[Records to process — start]

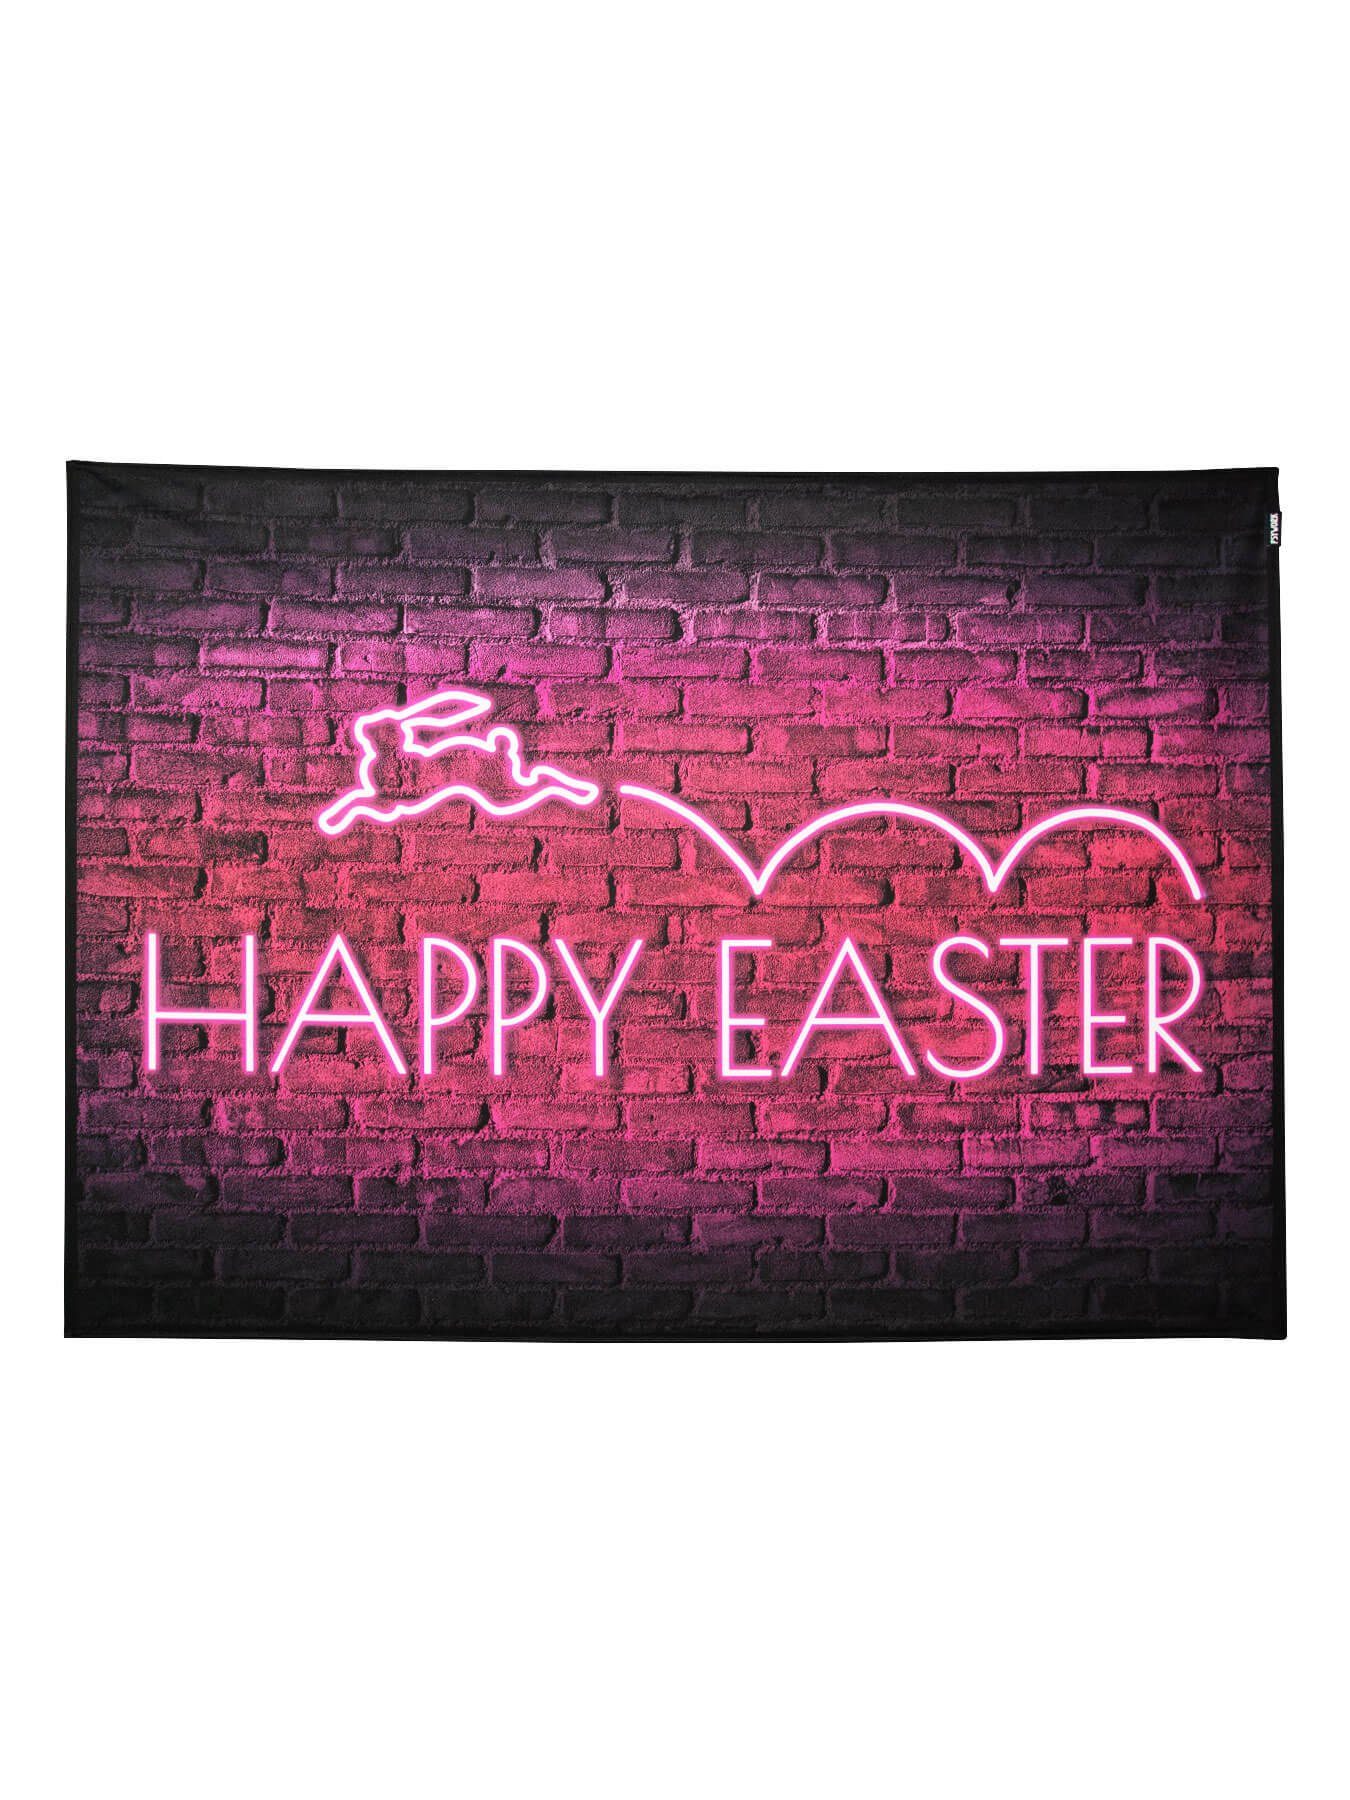 PSYWORK Poster PSYWORK Schwarzlicht Stoffposter Neon "Happy Easter", 1,0x1,4m, UV-aktiv, leuchtet unter Schwarzlicht
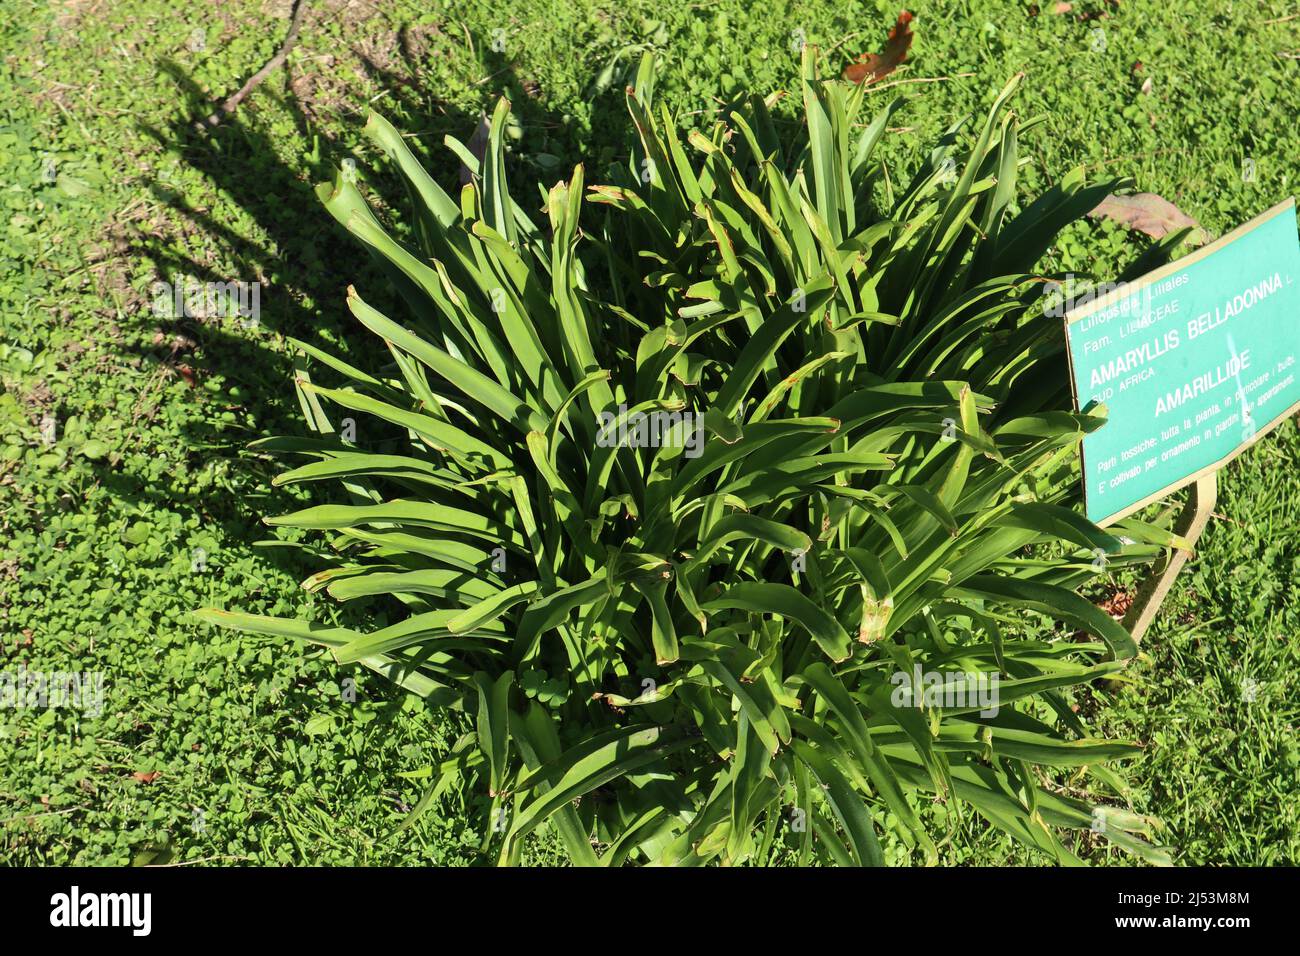 Napoli - Pianta di Amaryllis Belladonna nell'Orto Botanico Stock Photo
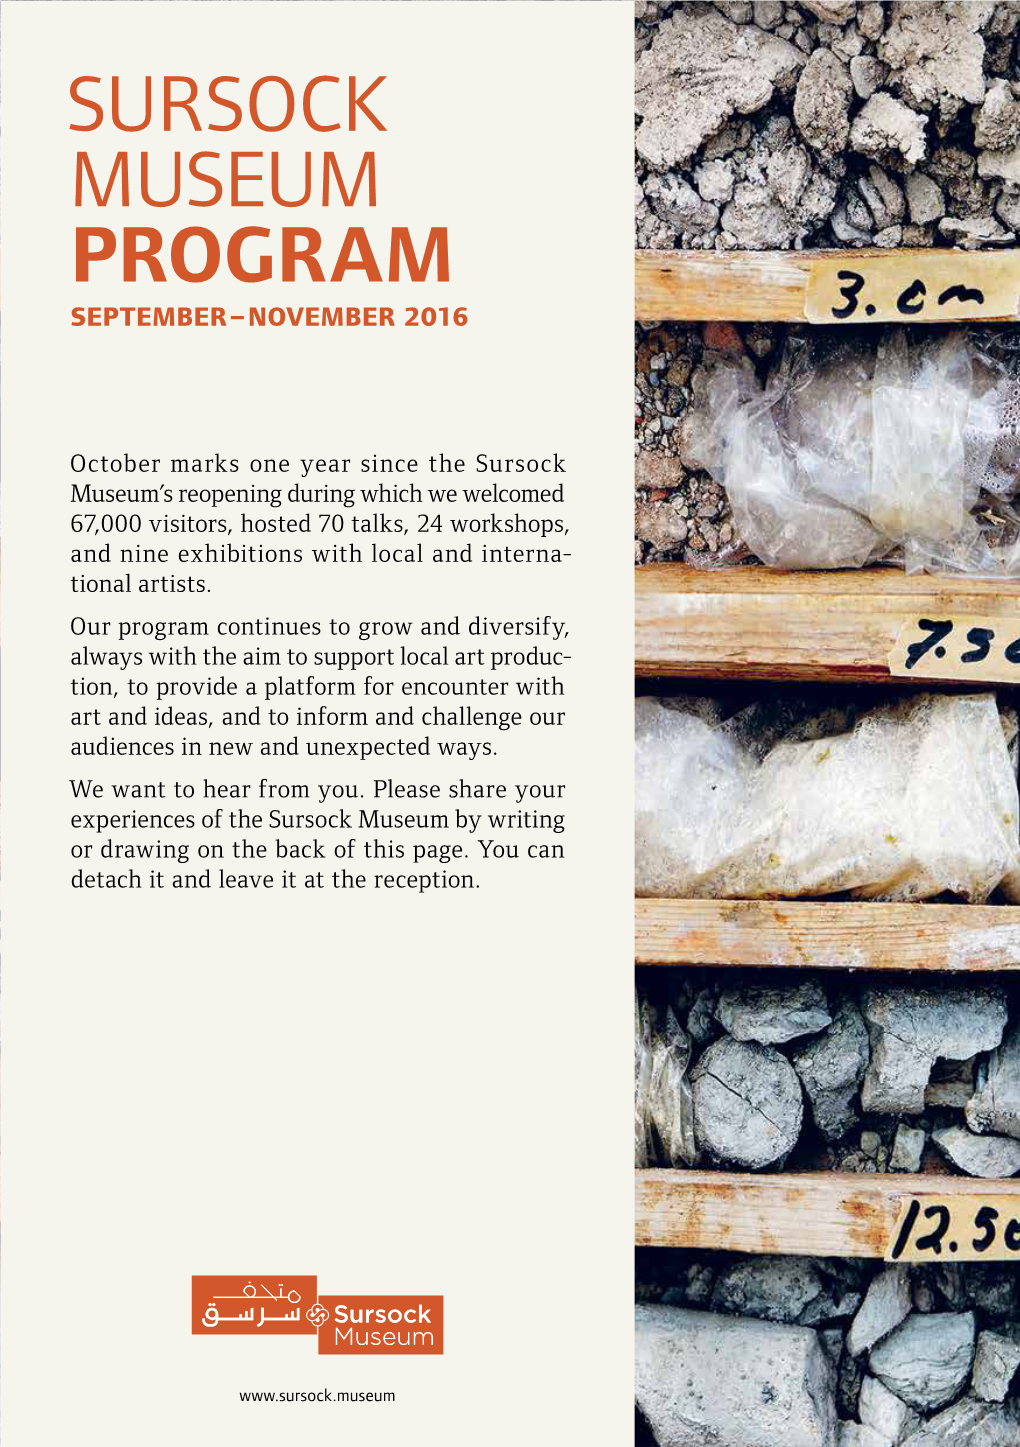 Sursock Museum Program September – November 2016
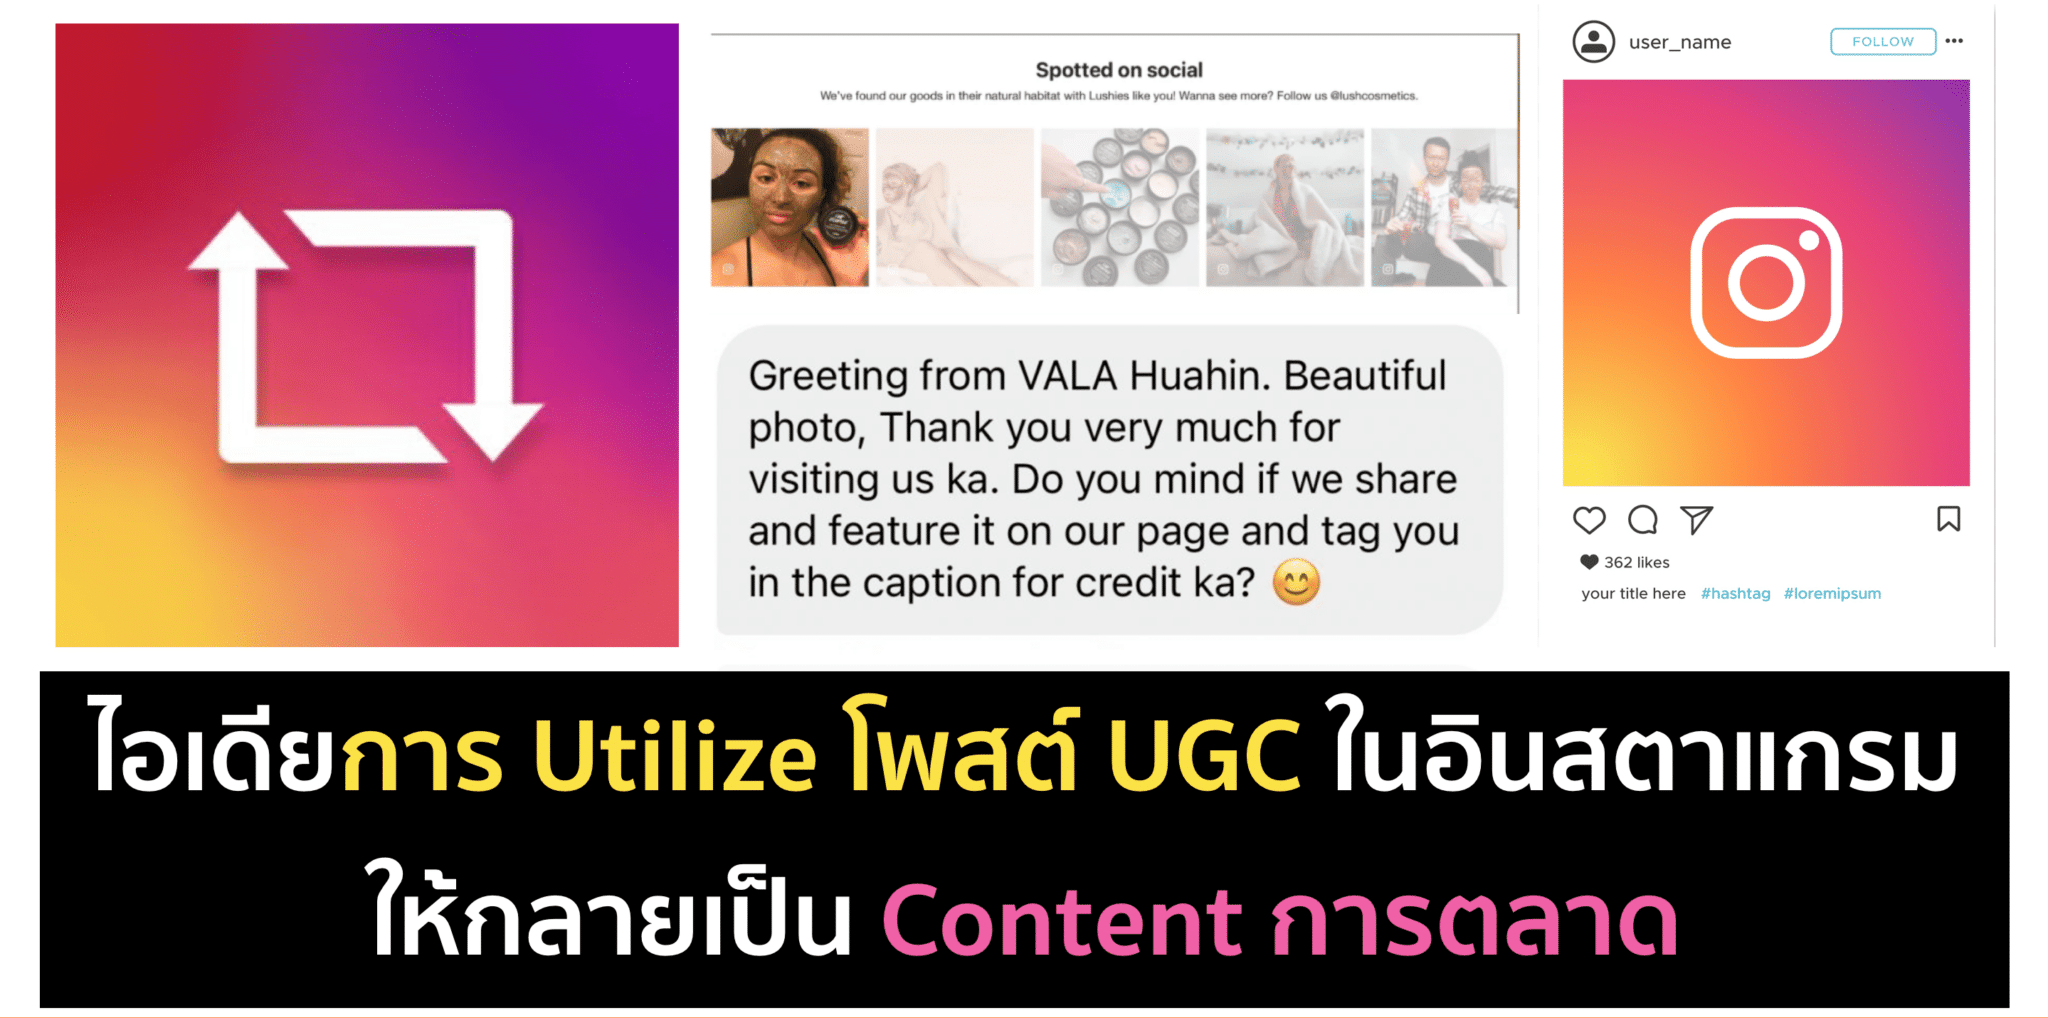 ไอเดียการ Utilize เนื้อหา UGC บน Instagram
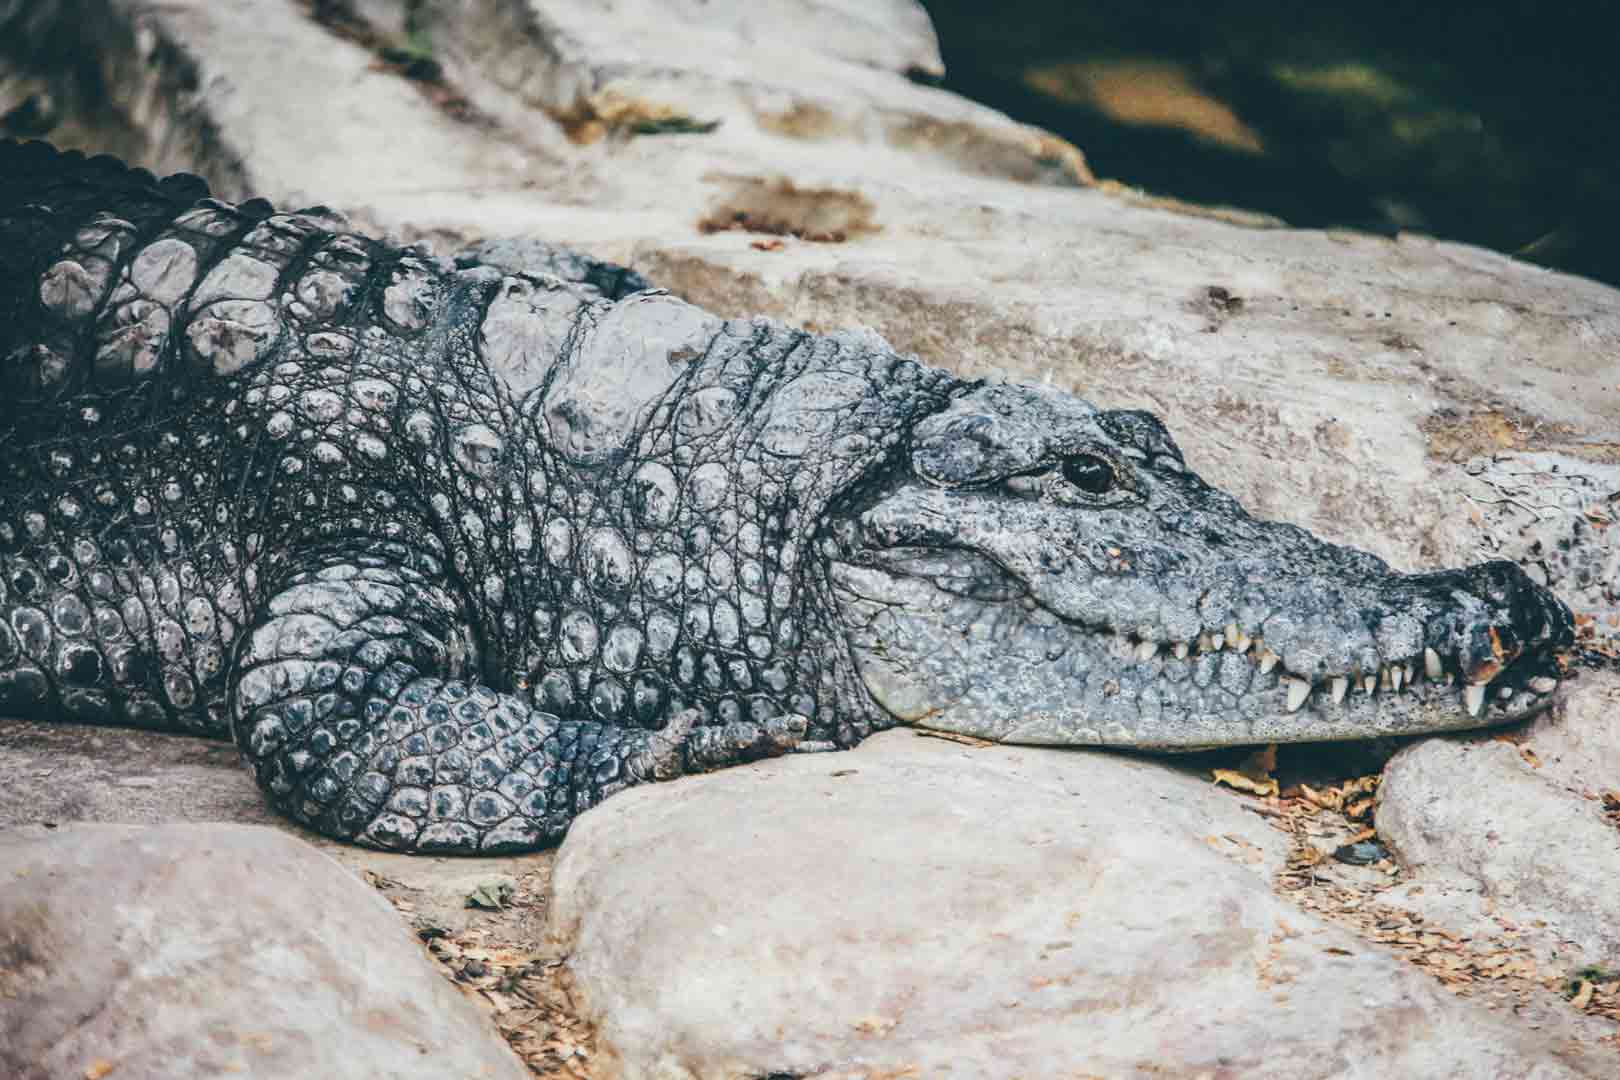 Krokodil: sus devastadores efectos físicos y sociales

[Records to process — finish]

Without the pictures, copy out all the records above exactly.

 PSYWORK Poster PSYWORK Schwarzlicht Stoffposter Neon "Happy Easter", 1,0x1,4m, UV-aktiv, leuchtet unter Schwarzlicht
 Napoli - Pianta di Amaryllis Belladonna nell'Orto Botanico Stock Photo
 Sursock Museum Program September – November 2016
 ไอเดียการ Utilize เนื้อหา UGC บน Instagram
 Krokodil: sus devastadores efectos físicos y sociales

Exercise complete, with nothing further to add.